- [WORK REQUIRED]
Print only the lines from the one with "How To Watch" through the end of the data, exactly, and please omit pictures.

- [THE DATA]

►

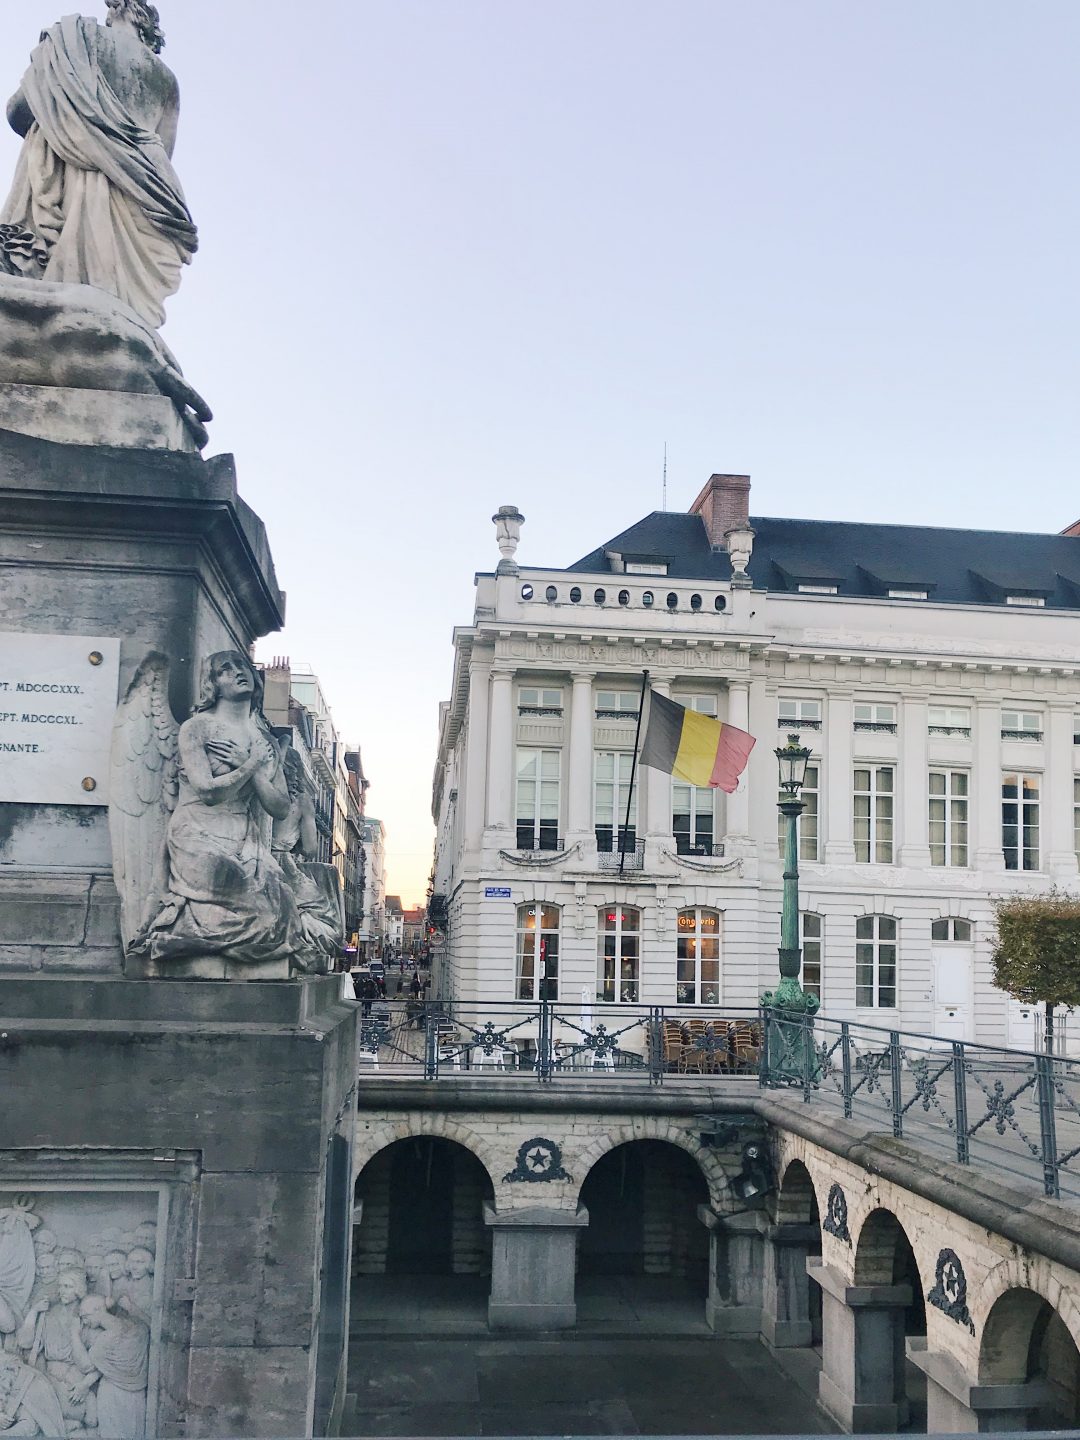 48 Hours in Brussels.
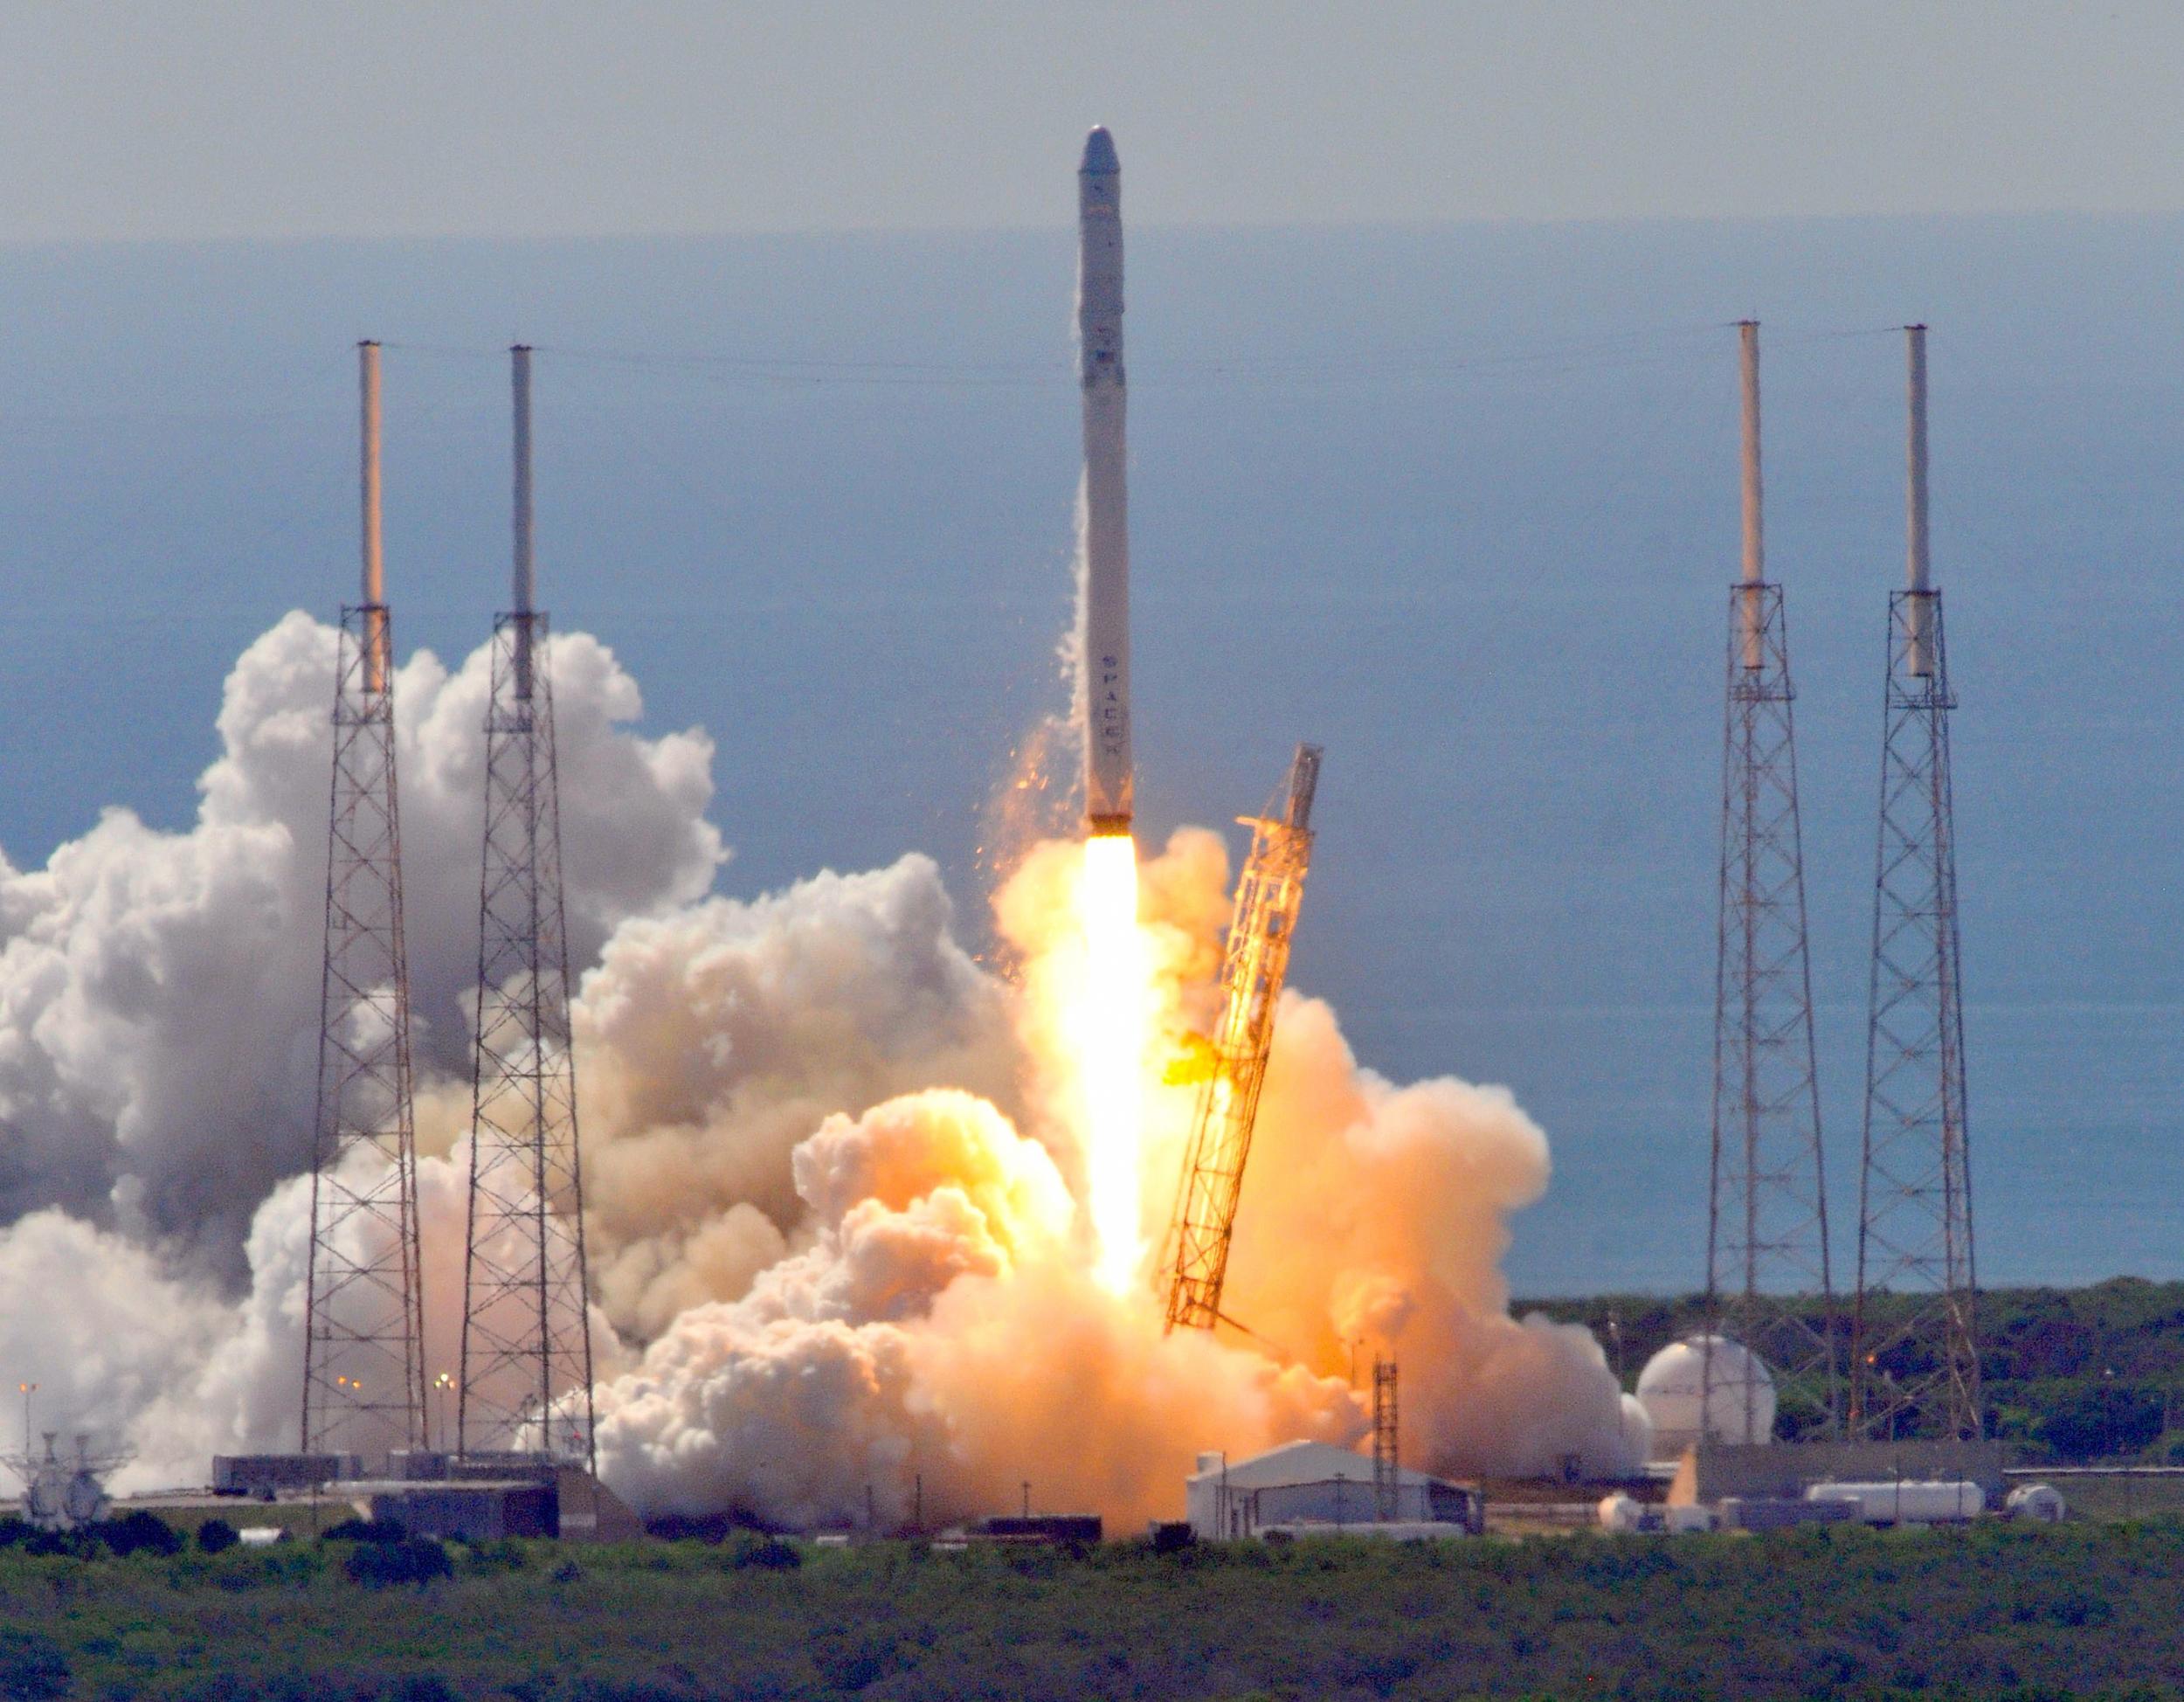 How To Watch The Historic Spacex Falcon 9 Launch And Vertical Landing
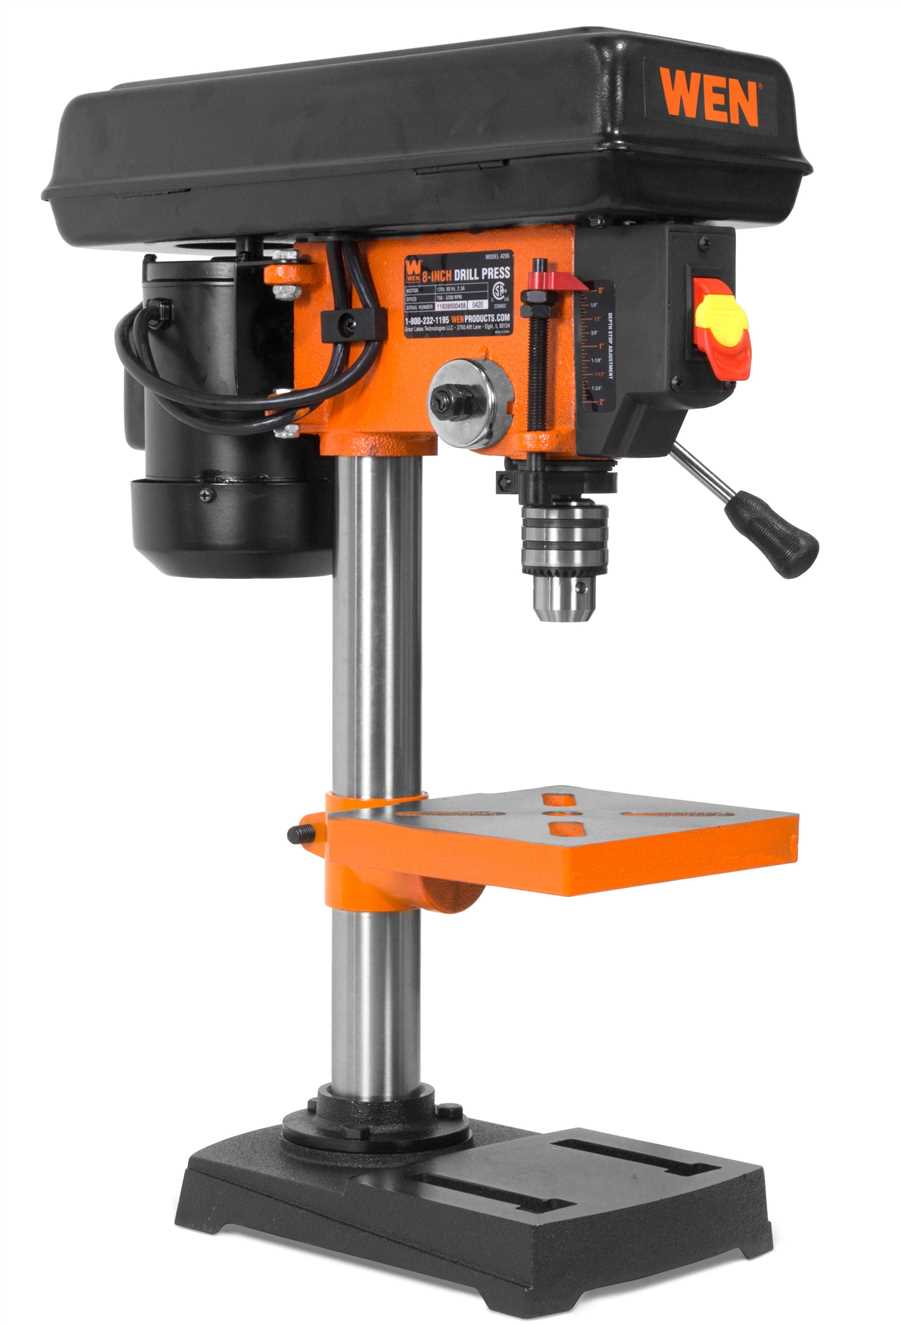 Top-Rated Drill Presses on the Market

◄

- [SOLUTION FOR THIS EXERCISE]
 How To Watch The Historic Spacex Falcon 9 Launch And Vertical Landing
 Top-Rated Drill Presses on the Market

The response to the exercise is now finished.